Nitrile butadiene rubber (NBR) with different amount of acrylic acid nitrile (NBR-18, NBR-26, and NBR-40) was also used.

An Exxelor PO1200 compatibilizer is used as a binding agent to improve the compatibility of polymeric materials and to improve the reactivity during interaction with inorganic fillers. This is achieved during a reactive extrusion process via graft copolymerization of polypropylene with maleic anhydride (MA). The concentration of MA in the compatibilizer is 3.0 wt %.

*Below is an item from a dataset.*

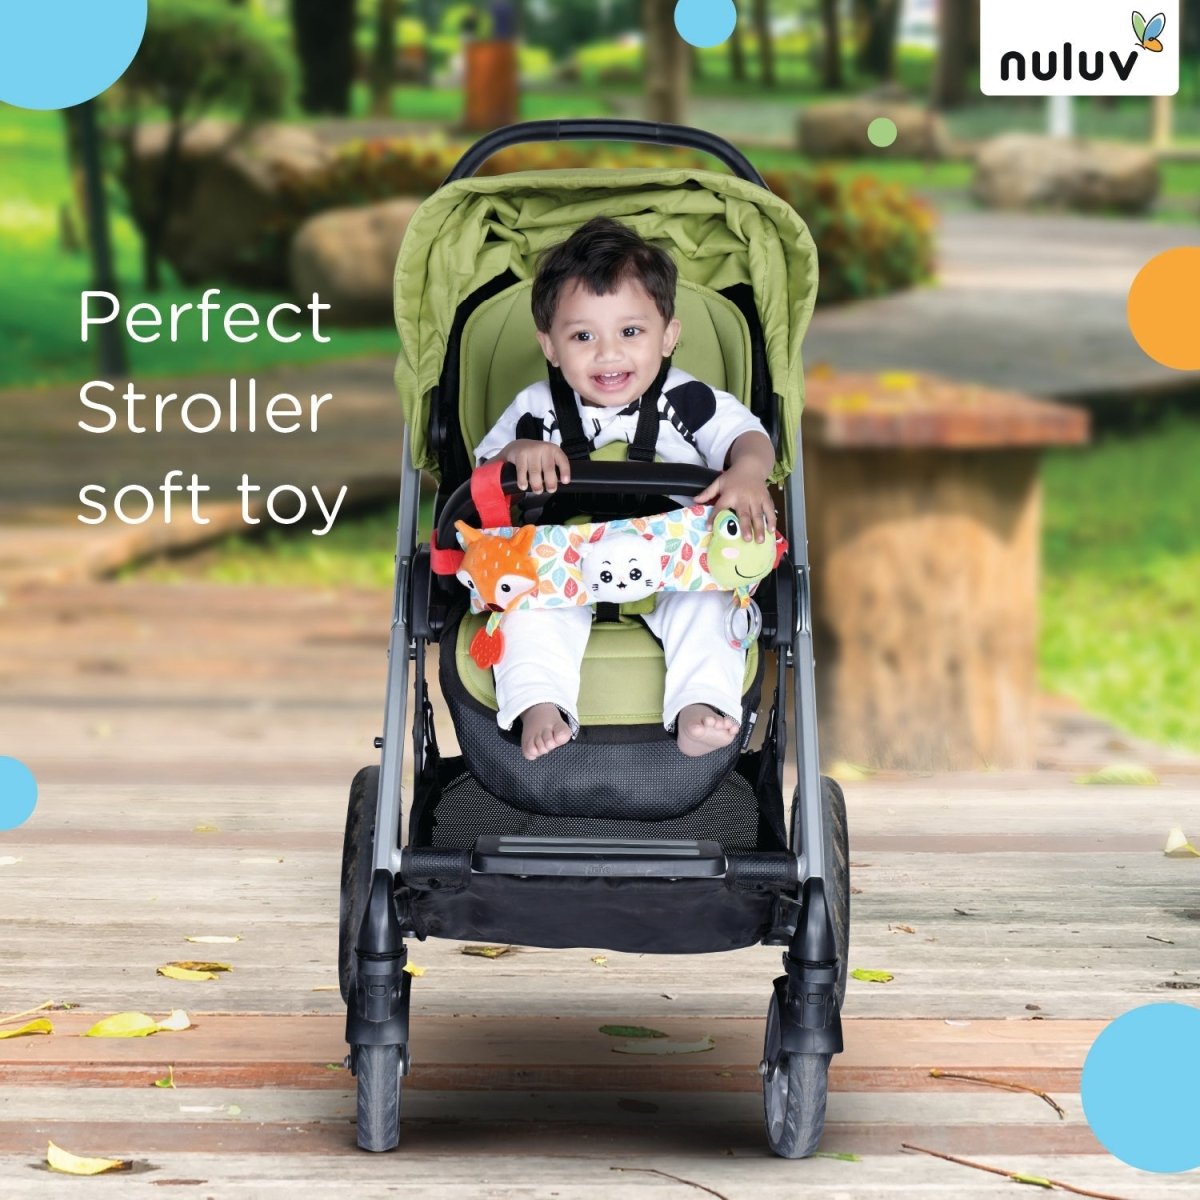 Nuluv Stroller- Cot Toy- Soft toy - NU-I-0013
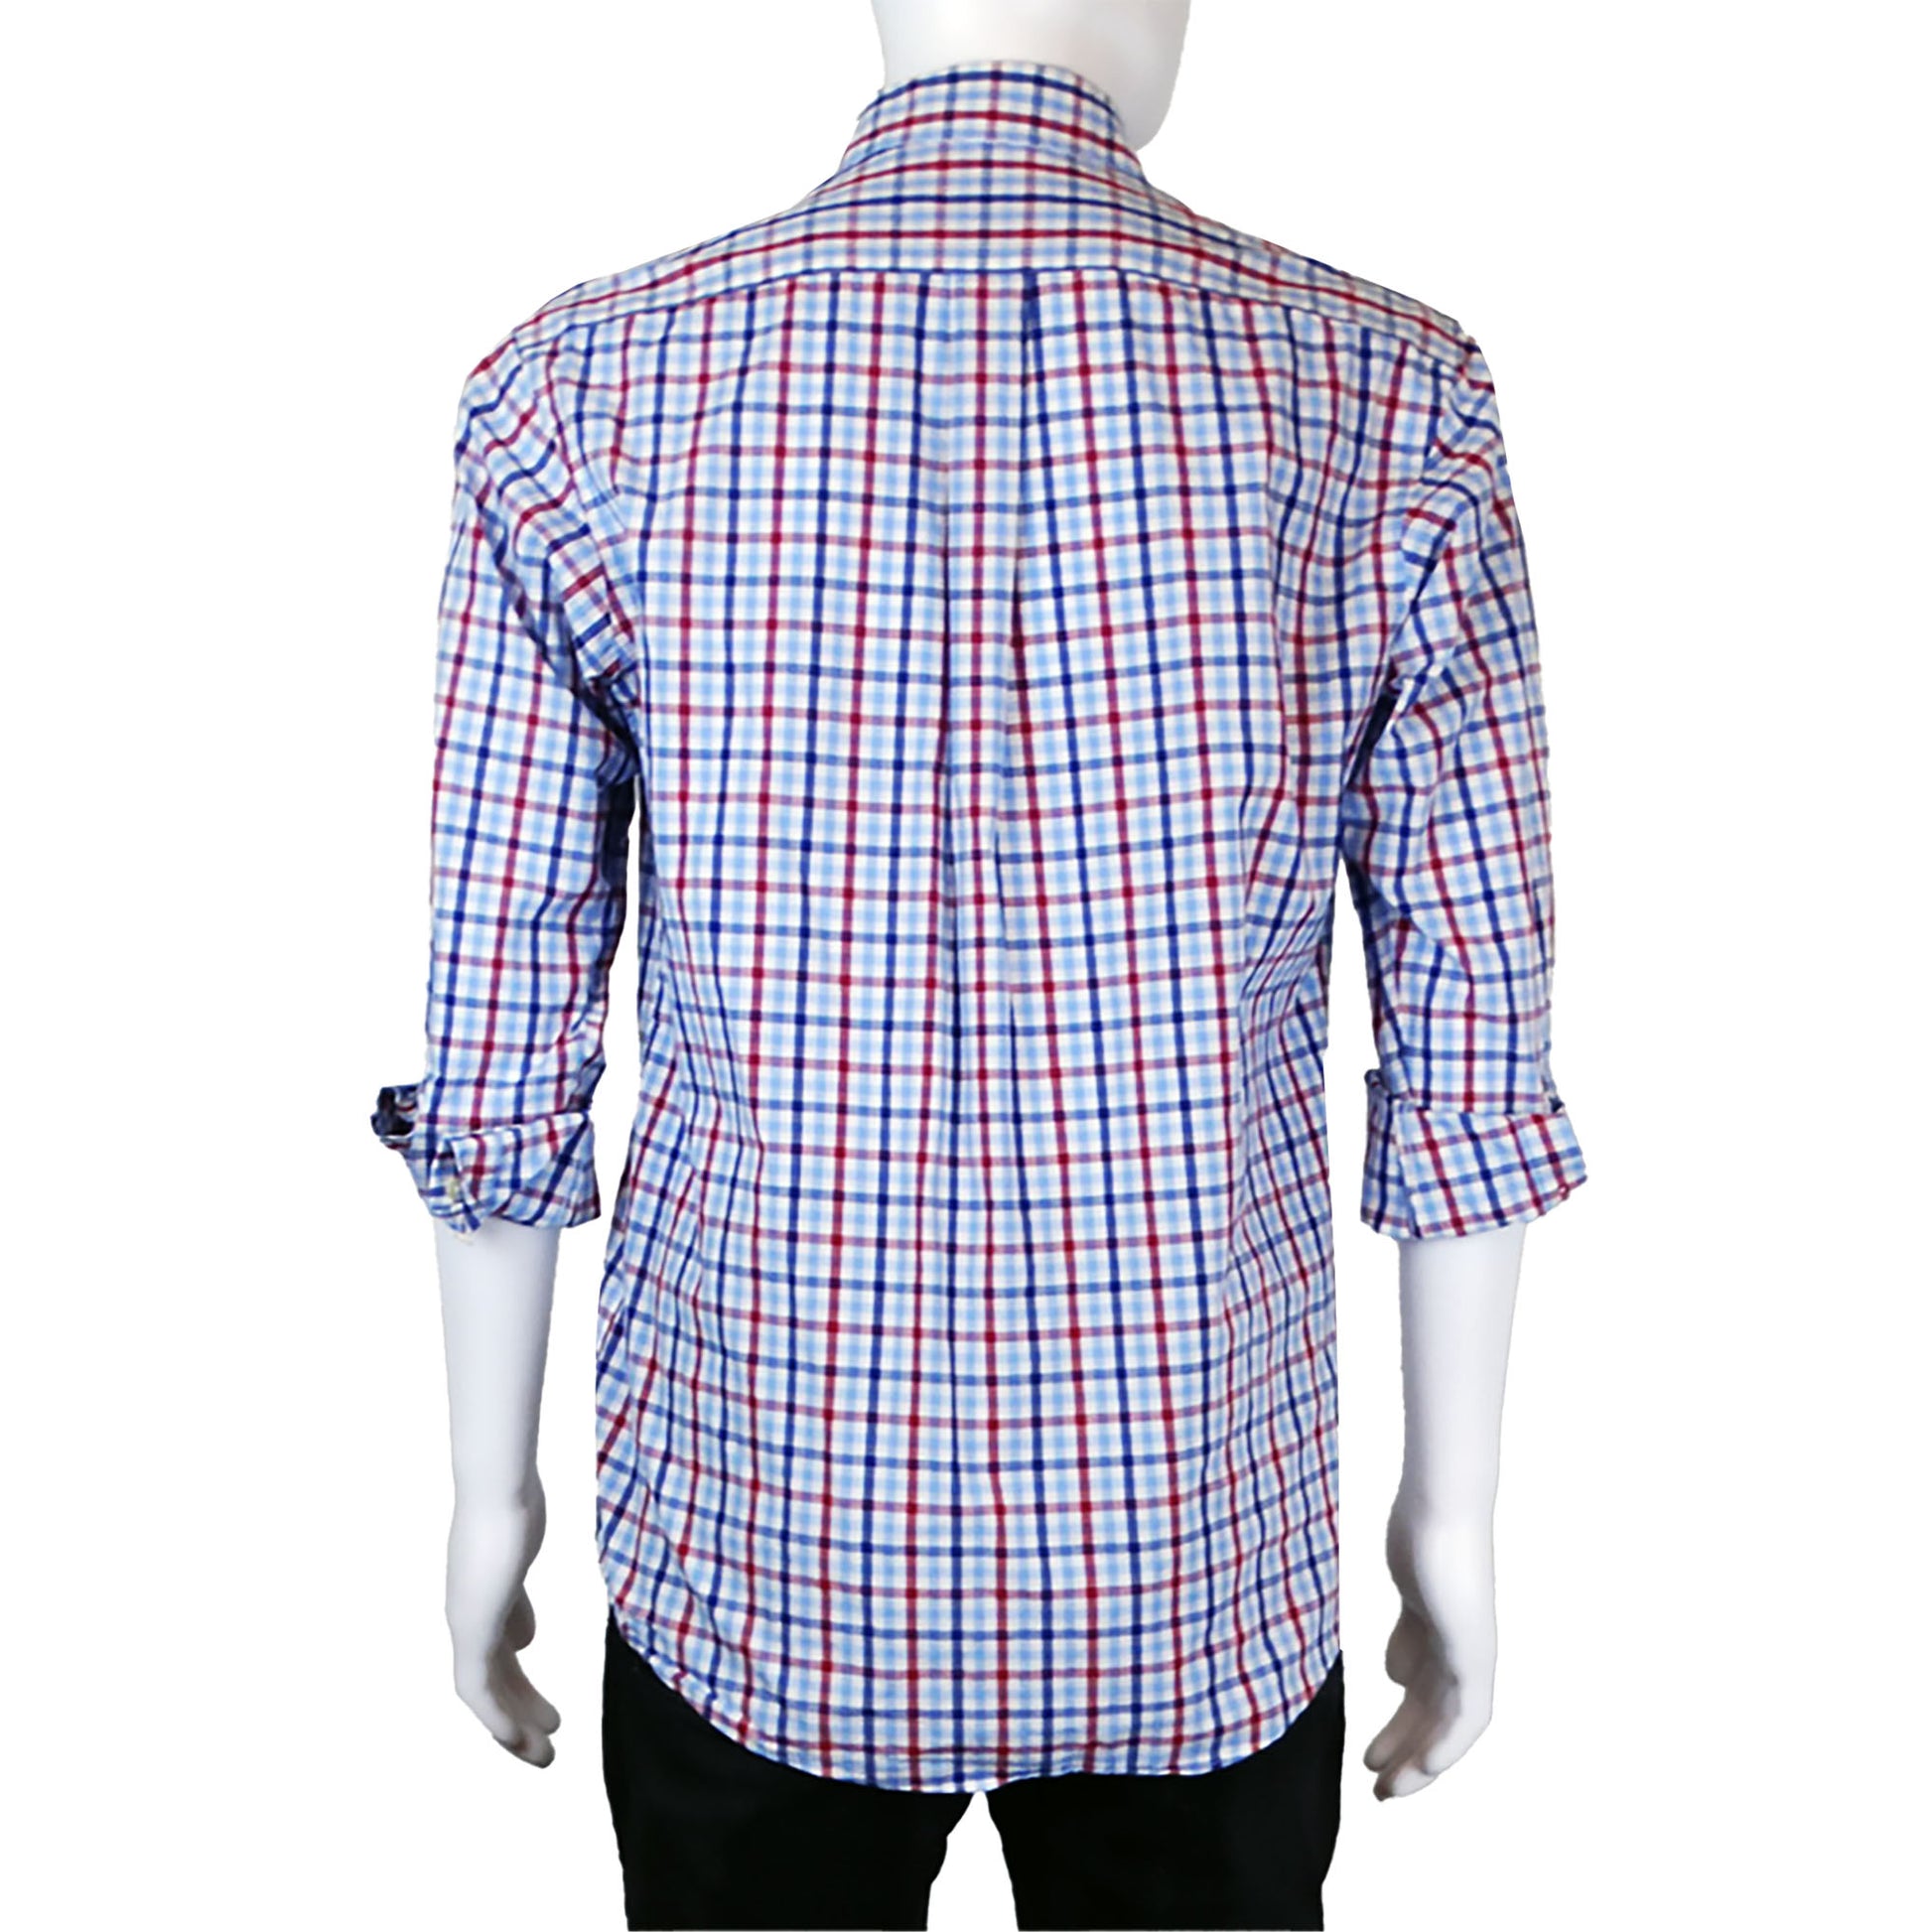 Club-Room-Blue-White-Red-Check-Long-Sleeve-Sport-Shirt.-Shop-eBargainsAndDeals.com

The vulcanization temperature of a composition in the presence of dicumyl peroxide (DP) is 140–170°C. Free radicals formed during the decomposition of dicumyl peroxide detach hydrogen from polymer macromolecules, and the resulting polymer radicals interact with each other to form C–C bonds. A peroxide radical attaches predominantly to it or detaches α-methylene hydrogen in the presence of a double bond in a polymer chain. Moreover, the macroradicals appear to form crosslinks in both cases.

Sulfur is a widespread and multivalent chemical element with atomic number of 16. Elemental sulfur is a bright yellow crystalline solid at room temperature. Sulfur atoms form cyclic octatomic molecules with the chemical formula S8 under normal conditions. Sulfur is used as a vulcanization agent for polymers.

The polymer mixtures were mixed on friction rollers at 160°C. An Exxelor compatibilizer was introduced into the mixture in an amount of 3.0 wt % after the RPP was melted. NBR and then a vulcanization agent were introduced into this melt, and it was mixed for 10–12 min.

A derivatographic analysis was performed with a Paulik–Paulik–Erdei system.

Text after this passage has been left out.